+++ DATASET SECTION
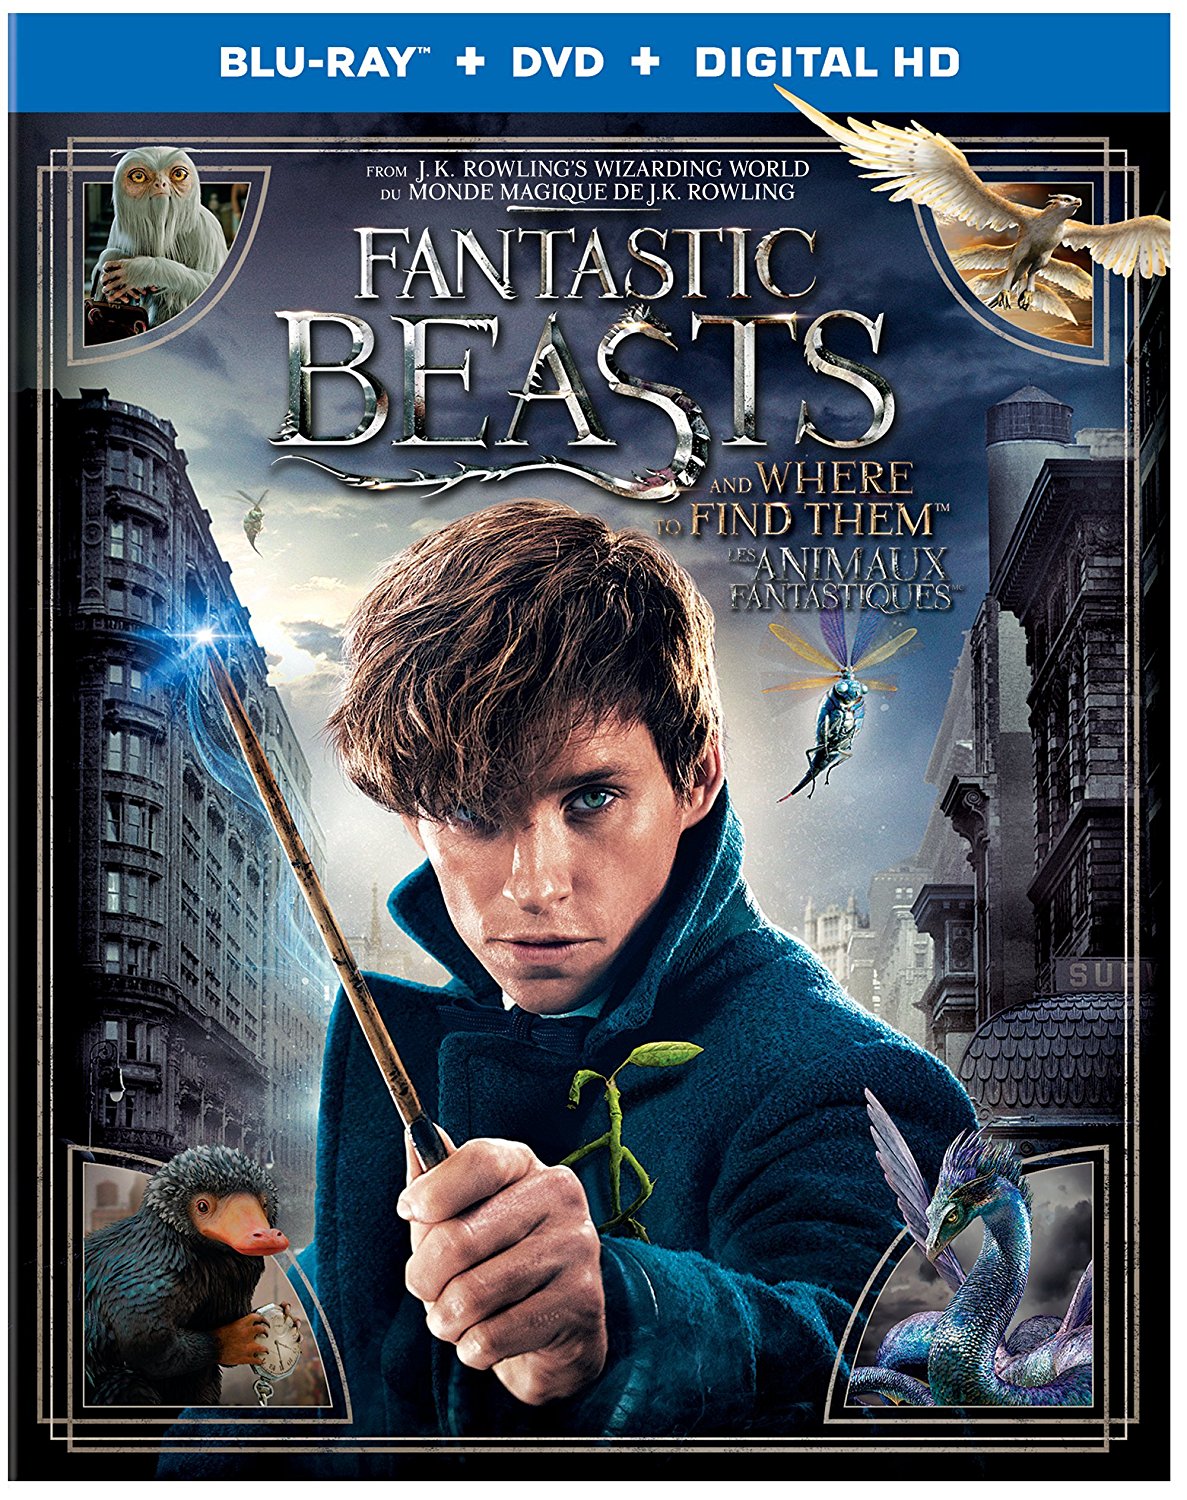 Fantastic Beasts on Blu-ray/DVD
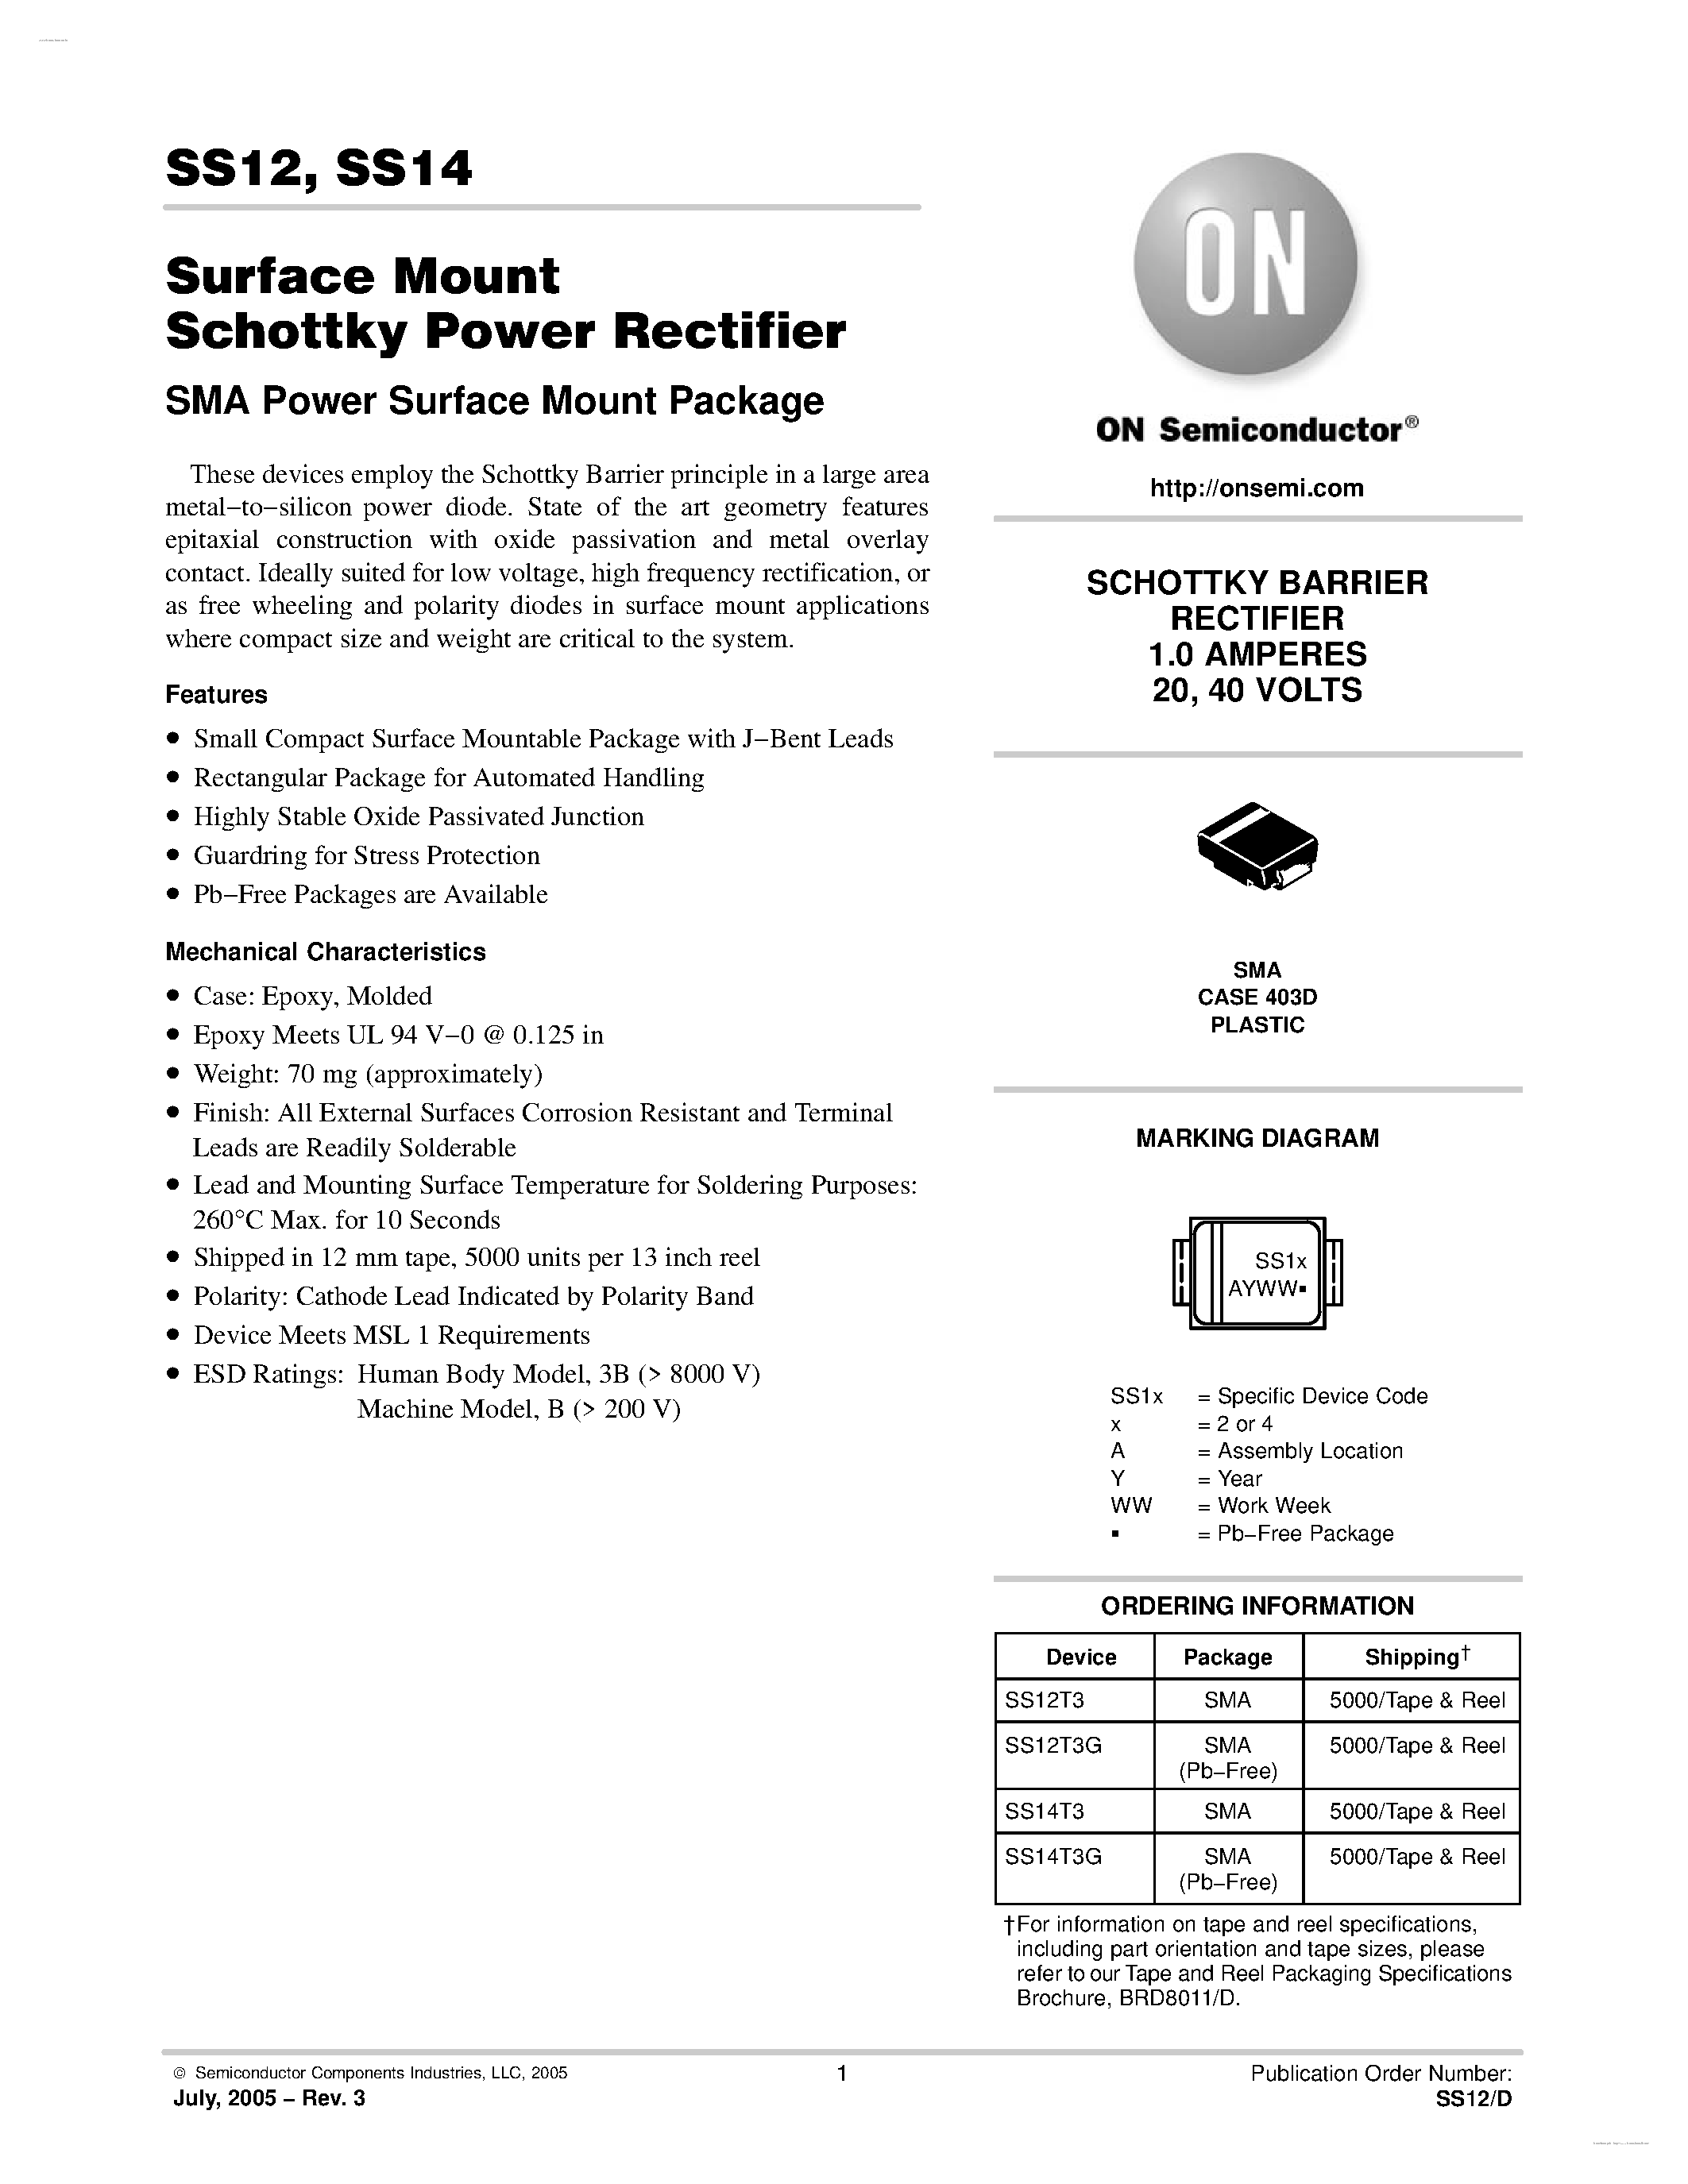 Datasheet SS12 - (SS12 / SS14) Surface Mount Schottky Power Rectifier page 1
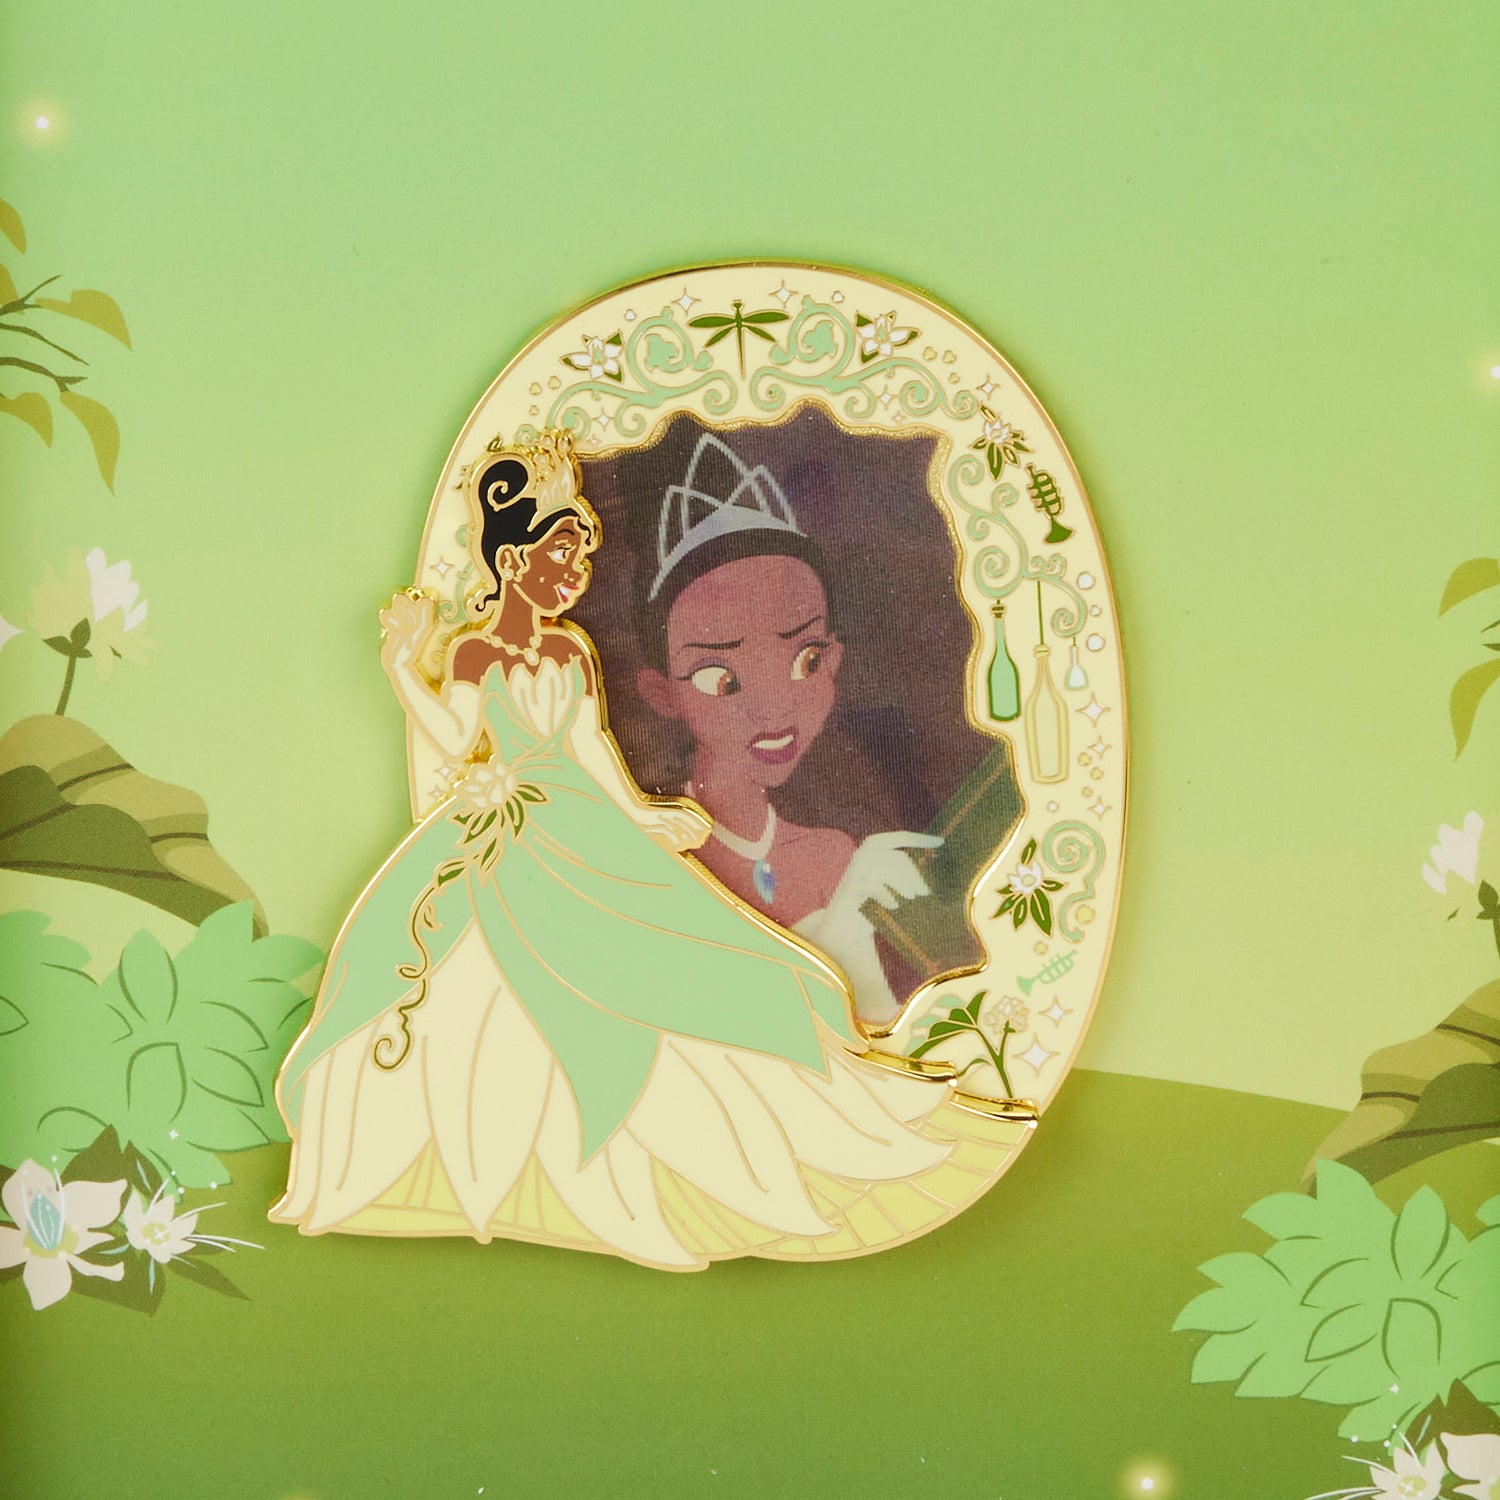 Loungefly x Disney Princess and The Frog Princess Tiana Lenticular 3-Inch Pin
++++++
Write the listing above out again word for word, excluding all images.

 Fantastic Beasts on Blu-ray/DVD
 Datasheet SS12 - (SS12 / SS14) Surface Mount Schottky Power Rectifier page 1
 Loungefly x Disney Princess and The Frog Princess Tiana Lenticular 3-Inch Pin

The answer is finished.